## Your task
The response should be an exact repetition of all the entries.

## Supplied records
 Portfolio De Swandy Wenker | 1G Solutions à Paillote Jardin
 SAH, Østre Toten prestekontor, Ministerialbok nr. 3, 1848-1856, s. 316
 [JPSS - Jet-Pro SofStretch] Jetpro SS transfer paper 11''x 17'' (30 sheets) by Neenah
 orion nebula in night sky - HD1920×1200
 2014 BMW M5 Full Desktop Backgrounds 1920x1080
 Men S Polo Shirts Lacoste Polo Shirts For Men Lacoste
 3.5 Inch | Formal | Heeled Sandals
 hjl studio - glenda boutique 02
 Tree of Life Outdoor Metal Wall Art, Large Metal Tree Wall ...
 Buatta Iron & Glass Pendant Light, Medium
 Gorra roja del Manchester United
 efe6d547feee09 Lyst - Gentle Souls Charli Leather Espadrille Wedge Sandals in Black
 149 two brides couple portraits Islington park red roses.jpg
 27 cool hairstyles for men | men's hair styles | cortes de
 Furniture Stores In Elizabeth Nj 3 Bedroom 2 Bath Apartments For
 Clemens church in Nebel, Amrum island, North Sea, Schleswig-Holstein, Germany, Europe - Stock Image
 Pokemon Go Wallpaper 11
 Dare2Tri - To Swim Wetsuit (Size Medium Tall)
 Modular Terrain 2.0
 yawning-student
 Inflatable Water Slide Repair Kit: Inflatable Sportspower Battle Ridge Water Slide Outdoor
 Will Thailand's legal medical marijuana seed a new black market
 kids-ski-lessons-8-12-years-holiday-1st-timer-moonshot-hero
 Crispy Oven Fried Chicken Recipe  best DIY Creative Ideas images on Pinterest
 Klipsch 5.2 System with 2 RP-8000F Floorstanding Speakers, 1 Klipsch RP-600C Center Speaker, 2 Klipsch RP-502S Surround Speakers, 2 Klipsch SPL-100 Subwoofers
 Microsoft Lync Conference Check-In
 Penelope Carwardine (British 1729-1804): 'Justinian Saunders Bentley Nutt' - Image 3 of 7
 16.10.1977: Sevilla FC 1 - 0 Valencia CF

## Answer
 Portfolio De Swandy Wenker | 1G Solutions à Paillote Jardin
 SAH, Østre Toten prestekontor, Ministerialbok nr. 3, 1848-1856, s. 316
 [JPSS - Jet-Pro SofStretch] Jetpro SS transfer paper 11''x 17'' (30 sheets) by Neenah
 orion nebula in night sky - HD1920×1200
 2014 BMW M5 Full Desktop Backgrounds 1920x1080
 Men S Polo Shirts Lacoste Polo Shirts For Men Lacoste
 3.5 Inch | Formal | Heeled Sandals
 hjl studio - glenda boutique 02
 Tree of Life Outdoor Metal Wall Art, Large Metal Tree Wall ...
 Buatta Iron & Glass Pendant Light, Medium
 Gorra roja del Manchester United
 efe6d547feee09 Lyst - Gentle Souls Charli Leather Espadrille Wedge Sandals in Black
 149 two brides couple portraits Islington park red roses.jpg
 27 cool hairstyles for men | men's hair styles | cortes de
 Furniture Stores In Elizabeth Nj 3 Bedroom 2 Bath Apartments For
 Clemens church in Nebel, Amrum island, North Sea, Schleswig-Holstein, Germany, Europe - Stock Image
 Pokemon Go Wallpaper 11
 Dare2Tri - To Swim Wetsuit (Size Medium Tall)
 Modular Terrain 2.0
 yawning-student
 Inflatable Water Slide Repair Kit: Inflatable Sportspower Battle Ridge Water Slide Outdoor
 Will Thailand's legal medical marijuana seed a new black market
 kids-ski-lessons-8-12-years-holiday-1st-timer-moonshot-hero
 Crispy Oven Fried Chicken Recipe  best DIY Creative Ideas images on Pinterest
 Klipsch 5.2 System with 2 RP-8000F Floorstanding Speakers, 1 Klipsch RP-600C Center Speaker, 2 Klipsch RP-502S Surround Speakers, 2 Klipsch SPL-100 Subwoofers
 Microsoft Lync Conference Check-In
 Penelope Carwardine (British 1729-1804): 'Justinian Saunders Bentley Nutt' - Image 3 of 7
 16.10.1977: Sevilla FC 1 - 0 Valencia CF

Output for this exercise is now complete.